If you wanted to find all occurrences regardless of position, you'd use finditer() or modify the regex pattern.

In [None]:
text = 'There was further decline of the UHC'
match = re.finditer('the', text,
                    flags=re.I)
list(match)

[<re.Match object; span=(0, 3), match='The'>,
 <re.Match object; span=(13, 16), match='the'>,
 <re.Match object; span=(29, 32), match='the'>]
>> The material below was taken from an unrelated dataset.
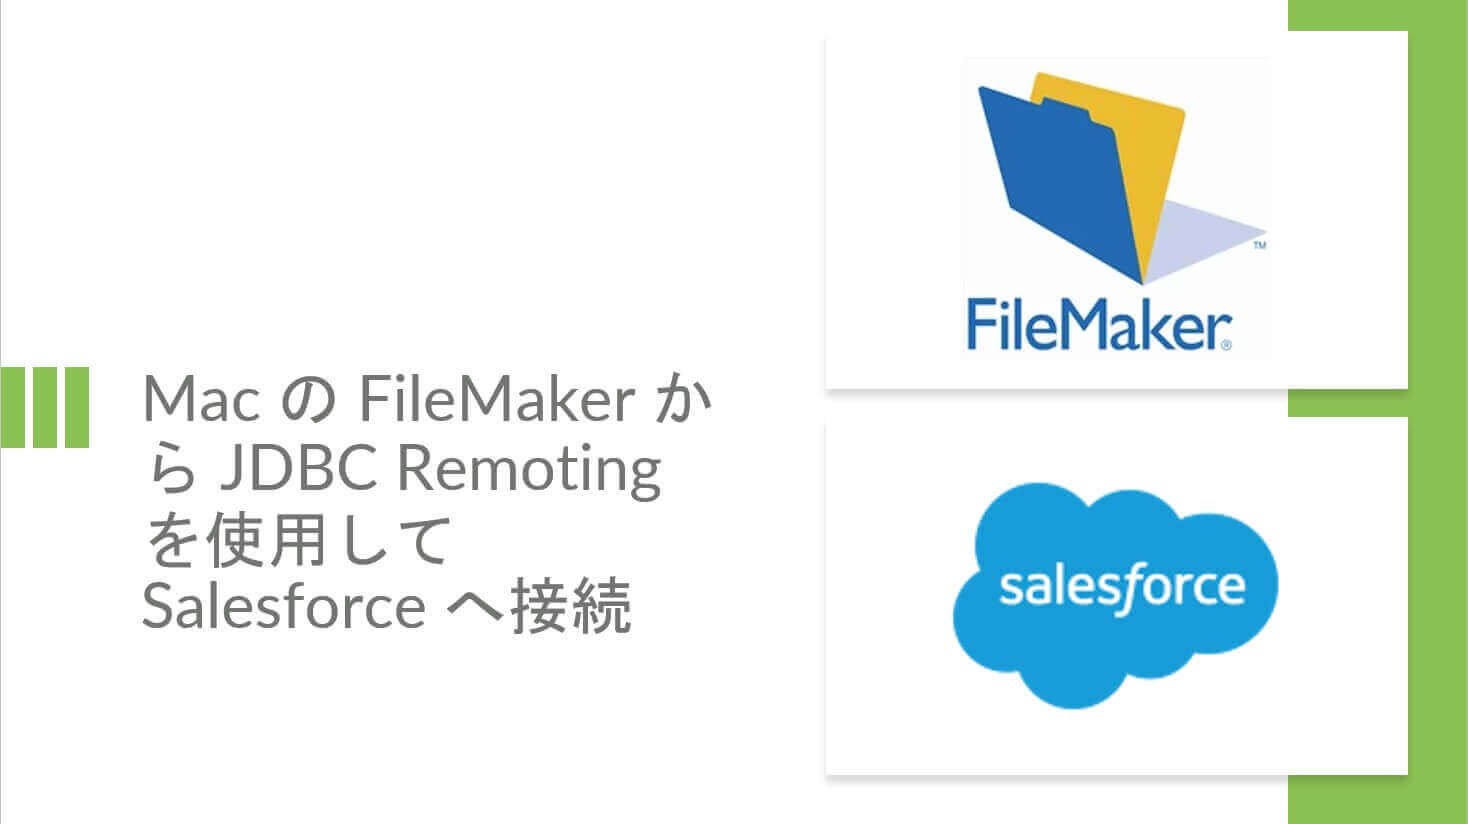 Mac の FileMaker から JDBC Remoting を使用してSalesforce へ接続
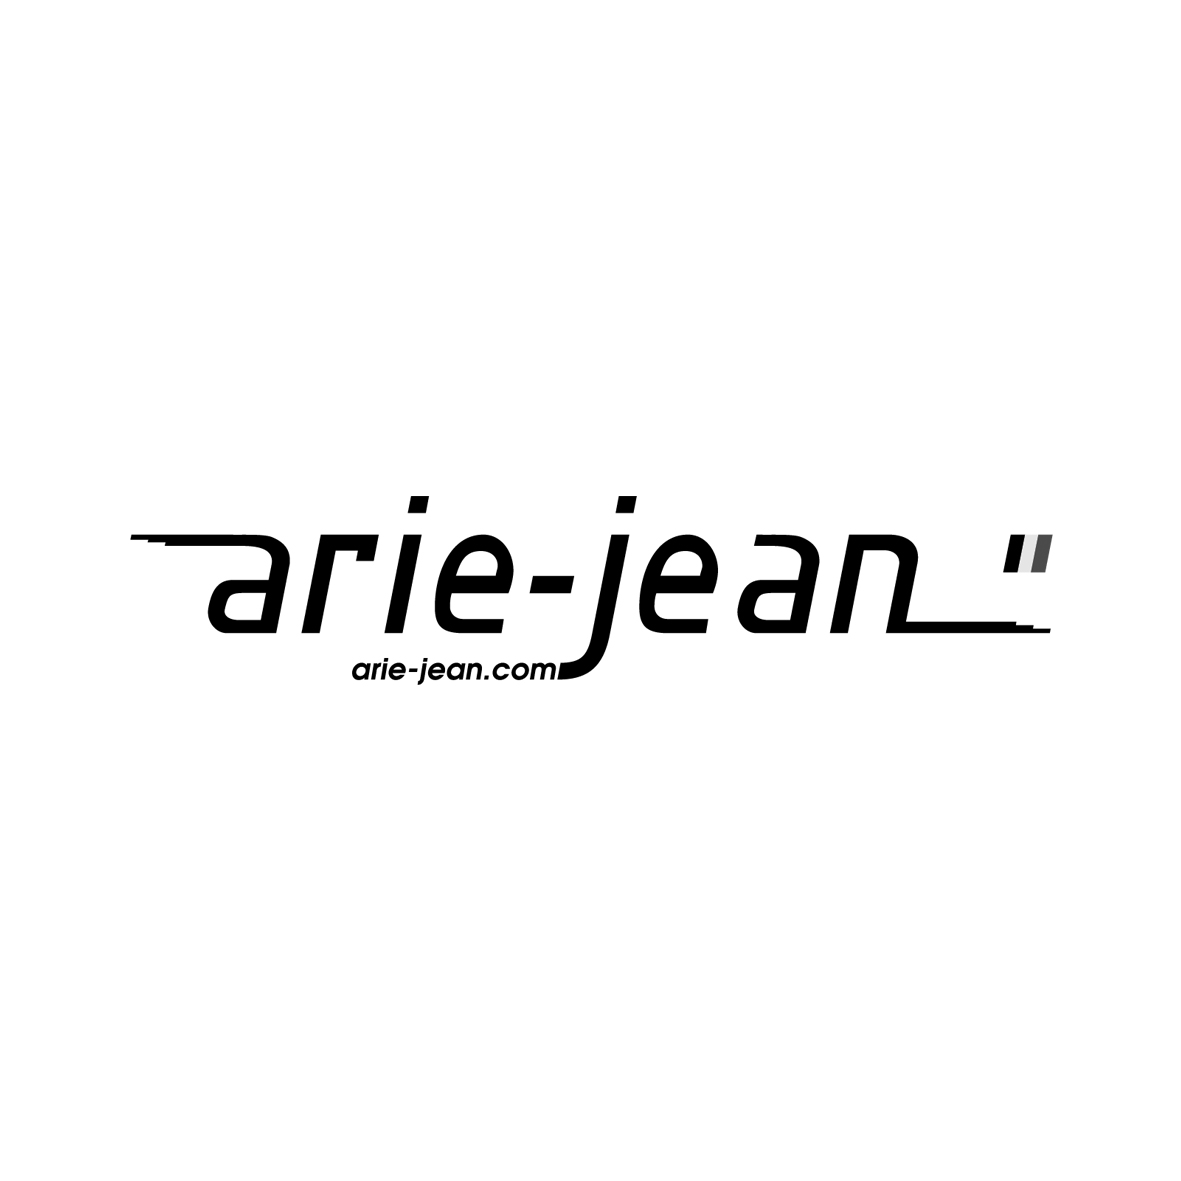 Arie-Jean

**re.sub(pattern, repl, text)** — this replaces the matched substring(s) with the 'repl' string.

In [None]:
text = 'my pin is 4444'
re.sub('4', '*', text)

'my pin is ****'

**re.split(pattern, text)** — This splits the text at the position of the match(es), into elements in a list.

In [None]:
text = "wow! nice! love it! bye! "
re.split("!", text)

['wow', ' nice', ' love it', ' bye', ' ']

### Regex metacharacters

In this section, we'll explore the different metacharacters, and use **re.findall()** to check for the presence of a pattern in a string and return all the matched substrings.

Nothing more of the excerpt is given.